At the turnoff to the low hill on which stood the Soldiers’ Home, Lincoln reined in his horse; and dismissed the escort. For a moment horse and rider were an integral part of the dark stillness of woods and warm, windless, starless night. Once the sound of the retreating cavalry escort had ceased, only crickets and tree toads sounded. For a moment, Lincoln took deep breaths of the scented summer air.

Then, finally, reluctantly, he rode up the driveway to the stone gates of the Soldiers’ Home. When he was halfway to the gates, a rifle was fired; and the horse bolted through the gates at a panicky gallop. In a grove of cedar trees where peacocks now shrieked, a soldier grabbed the horse’s reins and coaxed it to a standstill.

As Lincoln dismounted, he said, casually, “He got the bit in his teeth before I could draw rein. I’m glad you caught him, Nichols. I was getting set for a fall.”

“Something startle him, sir? asked Nichols; he had guarded the President before.

“No, no.” Lincoln ran his hand, absently, through his hair.

“You’ve lost your hat, sir.”

“So I have. Well, good-night; thank you.”

Lincoln went inside the stone cottage, where he was greeted by the orderly assigned to him. Lincoln asked for tea, an unusual request for him. He then sat in the small parlor of the cottage, and began to read by kerosene lamp a copy of Artemus Ward. But before the first smile, much less laugh, had been produced, Nichols appeared, carrying Lincoln’s hat. “We found this, sir, in the road.”

“Oh, good. Put it in the hall.”

“Sir.” Nichols held the hat so that Lincoln could see clearly two small round holes an inch below the crown. “This is where the bullet entered; and here is where it came out,” said Nichols.

“I heard a rifle shot.” Lincoln was neutral. “I thought it was a coon hunter, maybe, in the woods.”

“It was a
hunter
, sir, in the woods.”

“That is the second good hat that I have lost in this fashion. Strange how he—or they—always aim at the head, which is so hard to hit, and not at the body, which is so much easier a target.” Lincoln gave the hat to Nichols. “Say nothing of this to anyone. Particularly, say nothing to Marshal Lamon.”

“On condition, sir, that you will not send your escort back
before
you are inside these gates.”

Lincoln smiled. “A bargain? Well, today has been bargain day all day, and I guess that’s how it will end. All right, Nichols, I will grant your wish. Now bum the hat. I want no one to see it.”

“Yes, sir.” Nichols left.

At the Cabinet the next morning, Seward found the President distracted.
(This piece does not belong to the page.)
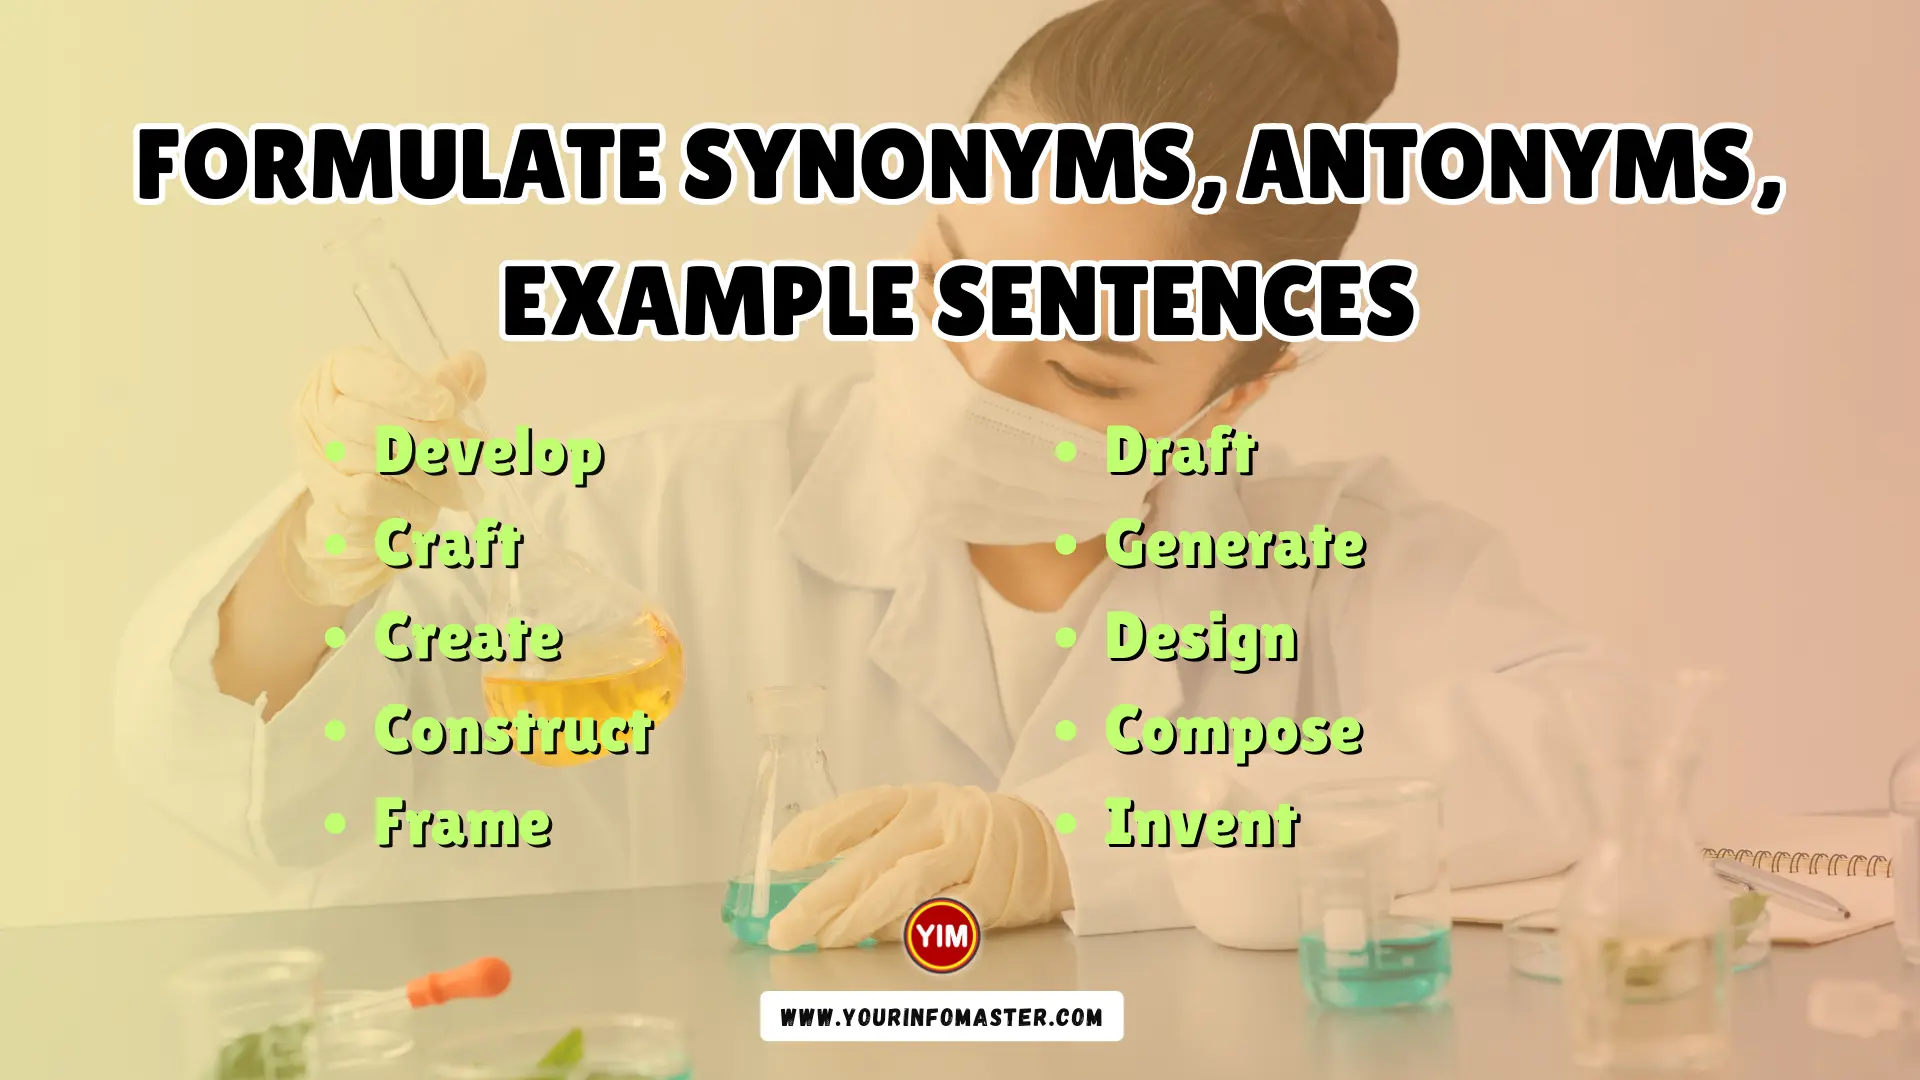 Formulate Synonyms, Antonyms, Example Sentences

Although the Seward-Weed machine did not want Roscoe Conkling to return to the House of Representatives, Lincoln favored him; and Seward had given way. The morning was unusually humid and hot even for the African Capital, as Seward had taken to calling Washington.
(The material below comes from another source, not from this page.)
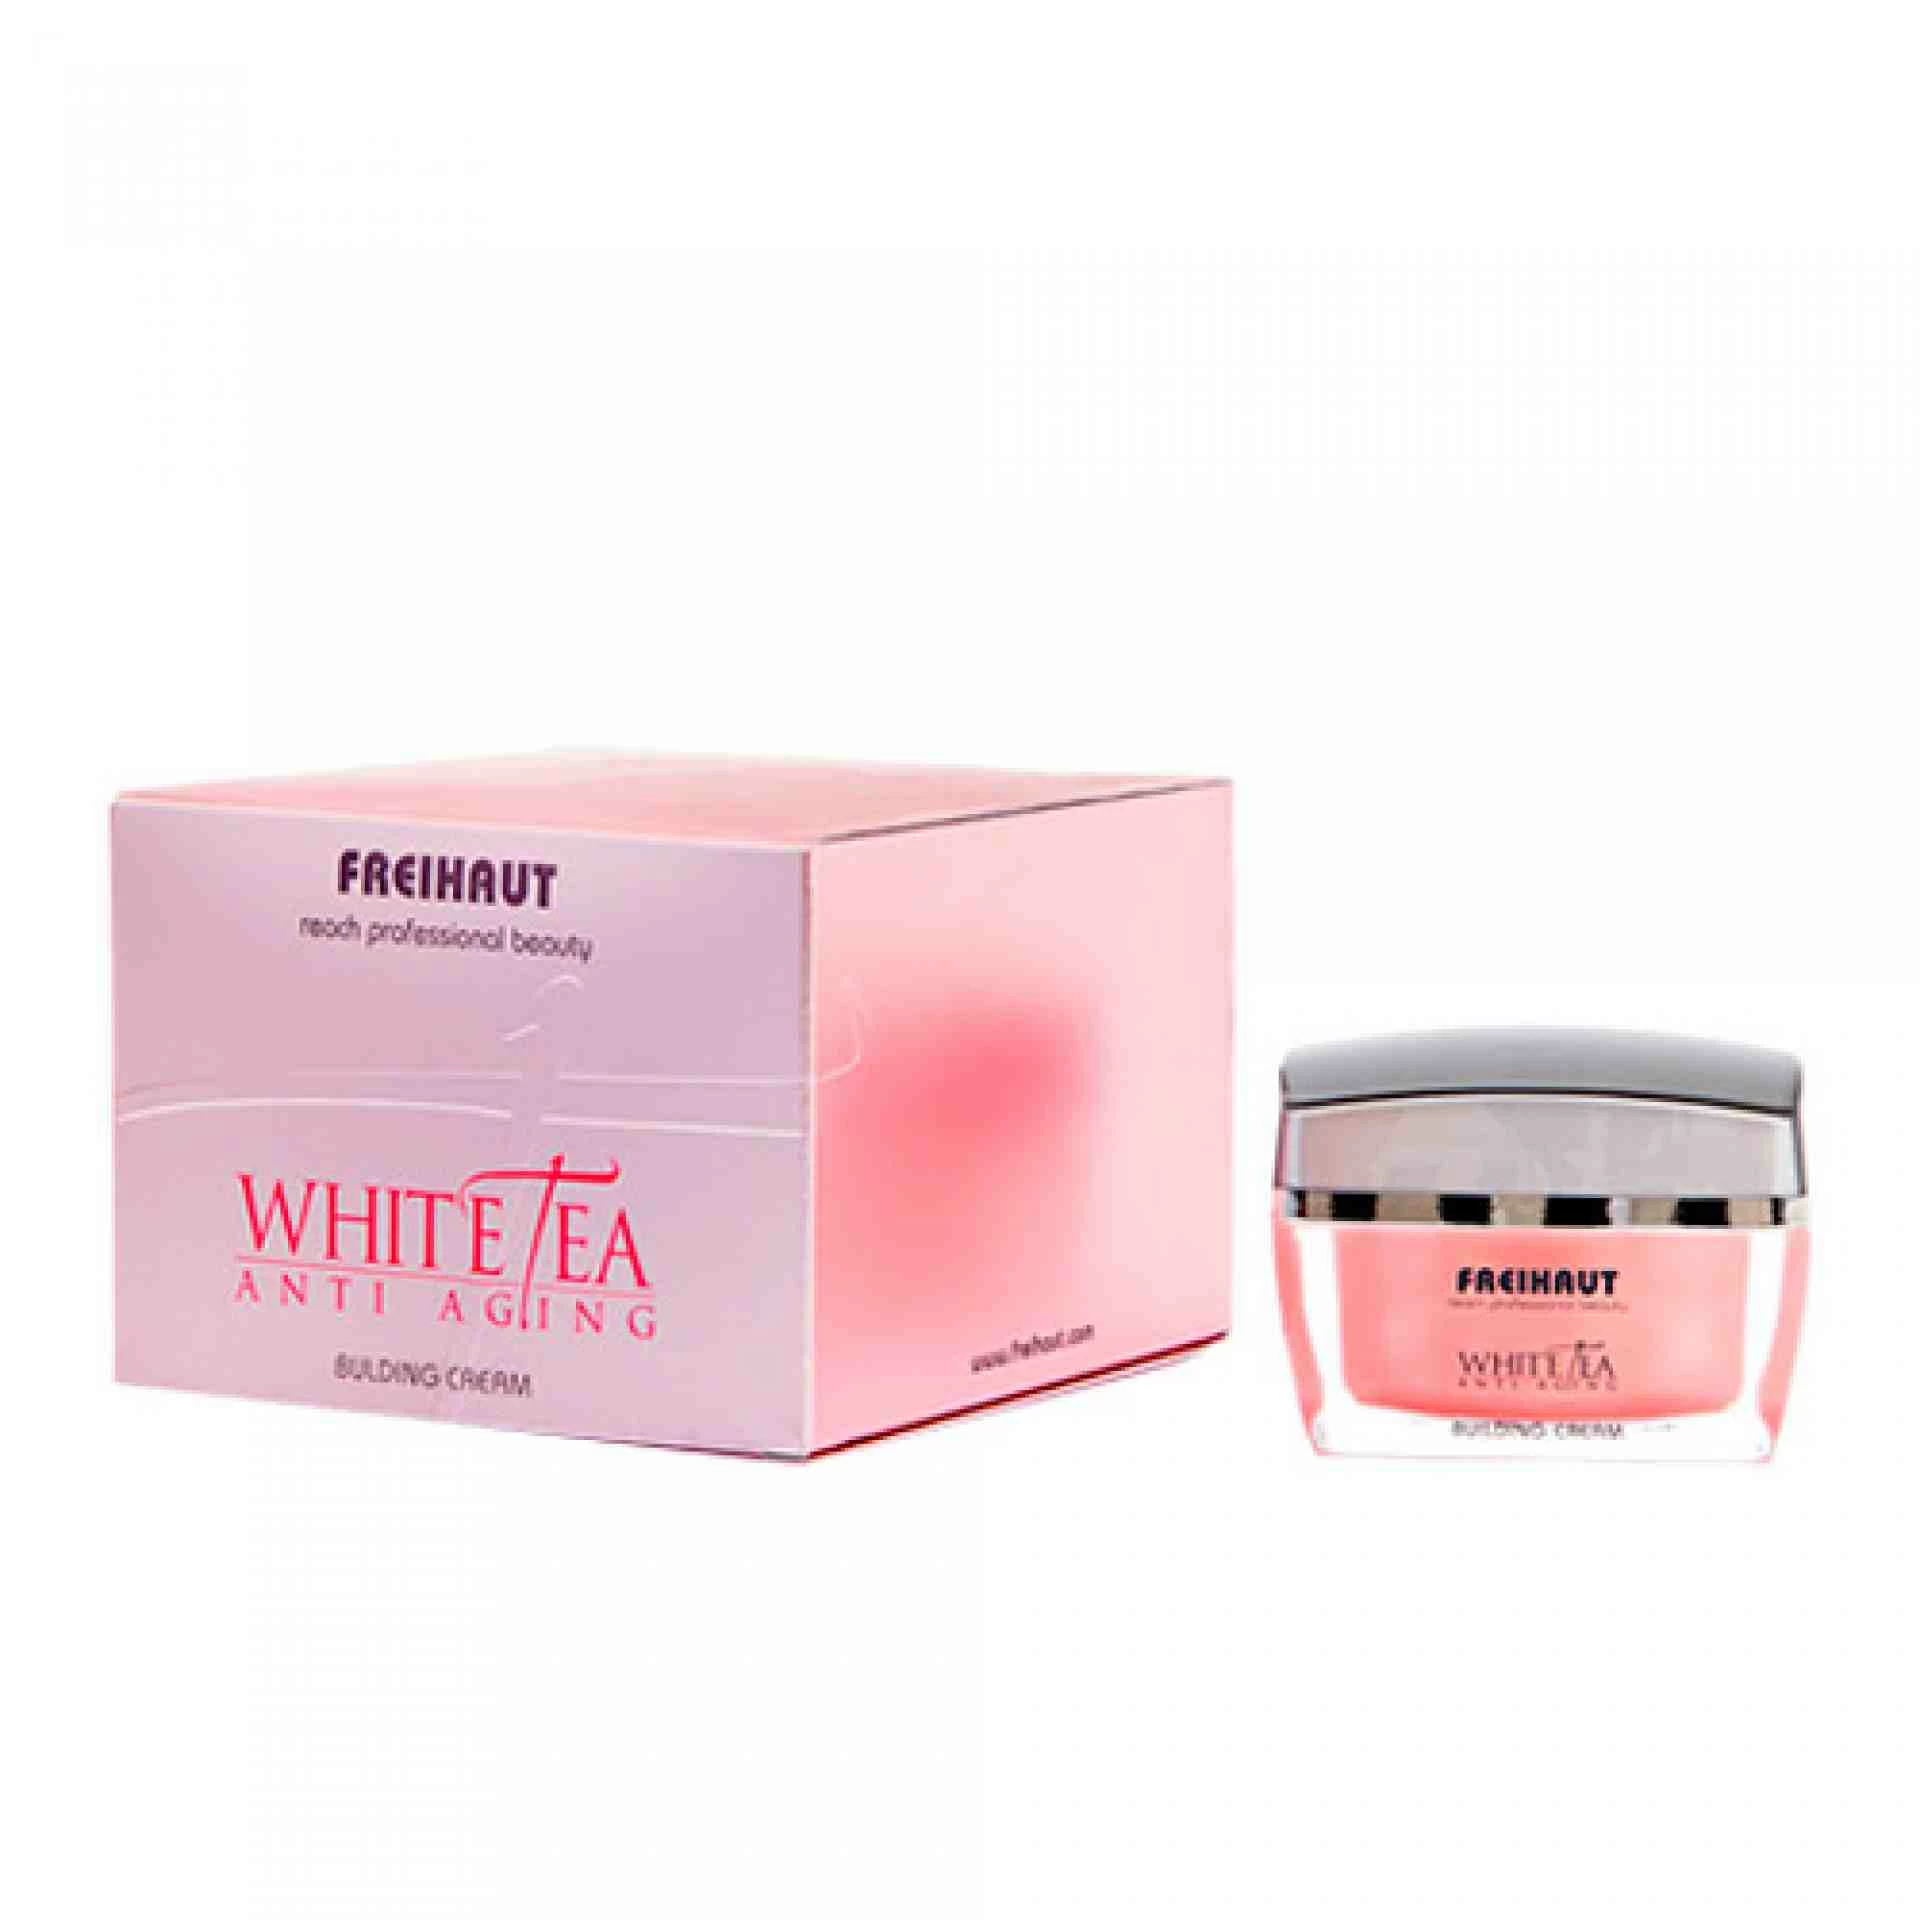 White Tea Building Cream 50ml Freihaut®

The President moved restlessly about the room. Seward sat slumped in his chair. Stanton combed his beard with two fingers, always finding new and interesting—even Gordian, thought Seward—knots. Blair seemed as if he were not present, no doubt in anticipation of when he would indeed be gone. Fessenden, the new boy, sat very straight; and paid close attention to everything. Nicolay was in and out. Bates had already said that he would be going home after the election, no matter what the result. Usher was present but, to Seward, permanently invisible. Welles made notes. It was rumored that, as a one-time literary man, he was keeping an elaborate journal, which would destroy them all.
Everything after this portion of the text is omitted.